Jul 2017 DOI 10.14302/issn.2379-7835.ijn-17-1636
R. Holt PeterCorresponding author
The Rockefeller University
Adipose tissue inflammation is associated with obesity comorbidities. Reducing such inflammation may ameliorate these comorbidities. n-3 fatty acids have been reported to have anti-inflammatory properties in obesity, which may modulate this inflammatory state. In the current study a 1 gram per day oral supplement of the n-3 fatty acid docosahexaenoic acid (DHA) was administered for 12 weeks to 10 grade 12 obese postmenopausal women and markers of adipose tissue and systemic inflammation measured and compared before and after supplementation. DHA administration resulted in approximately a doubling of plasma and red cell phospholipid and adipose tissue DHA content but no change in systemic markers of inflammation, such as circulating C-reactive protein (CRP) or interleukins (IL) 6, 8 and 10 (IL-6, IL-8, IL-10).
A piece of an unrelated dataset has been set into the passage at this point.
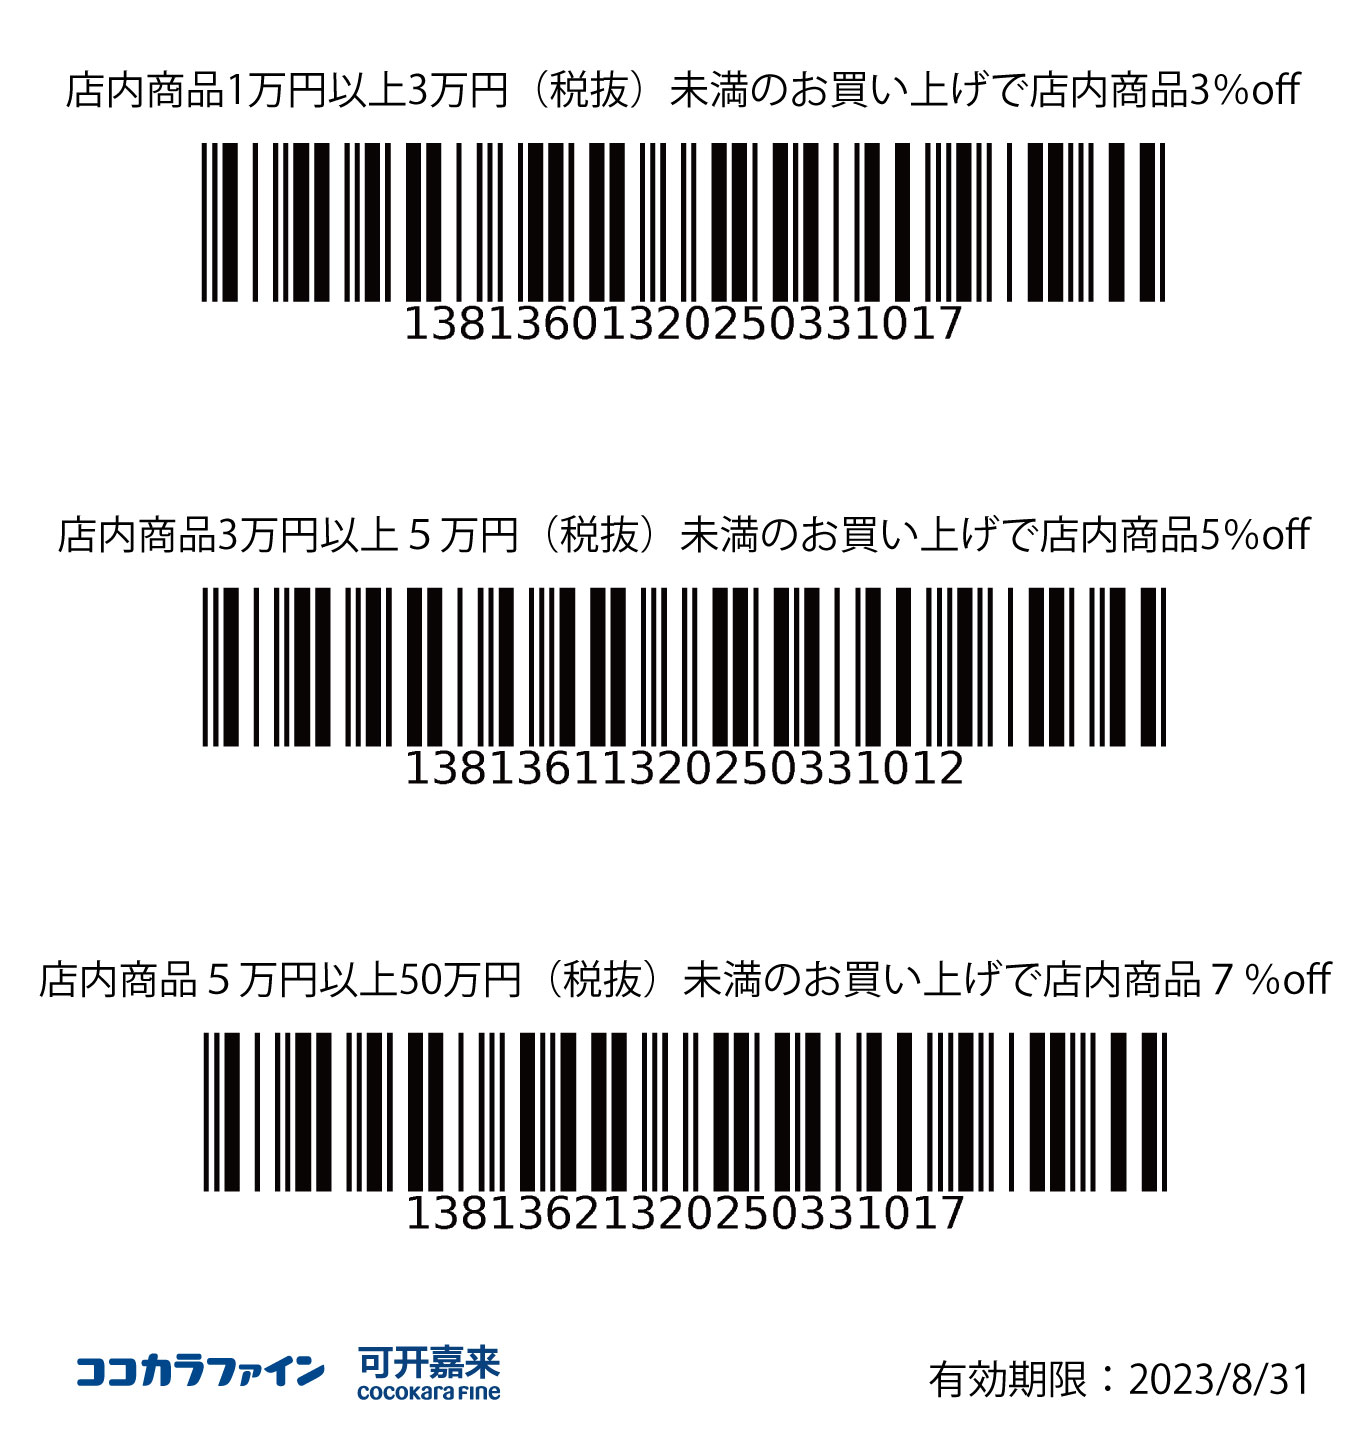 รับส่วนลด 3% เมื่อซื้อสินค้าภายในร้านตั้งแต่ 10,000 เยนขึ้นไปไม่เกิน 30,000 เยน (ยังไม่รวมภาษี) <br></noscript>รับส่วนลด 5% เมื่อซื้อสินค้าภายในร้านตั้งแต่ 30,000 เยนขึ้นไปไม่เกิน 50,000 เยน (ยังไม่รวมภาษี)<br> รับส่วนลด 7% เมื่อซื้อสินค้าภายในร้านตั้งแต่ 50,000 เยนขึ้นไปไม่เกิน 500,000 เยน (ยังไม่รวมภาษี)

DHA supplementation did not alter the adipose tissue marker of inflammation crown-like structure density nor did it affect any gene expression pathways, including anti-inflammatory, hypoxic and lipid metabolism pathways. The obese postmenopausal women studied were otherwise healthy, which leads us to suggest that in such women DHA supplementation is not an effective means for reducing adipose tissue or systemic inflammation. Further testing is warranted to determine if n-3 fatty acids may ameliorate inflammation in other, perhaps less healthy, populations of obese individuals.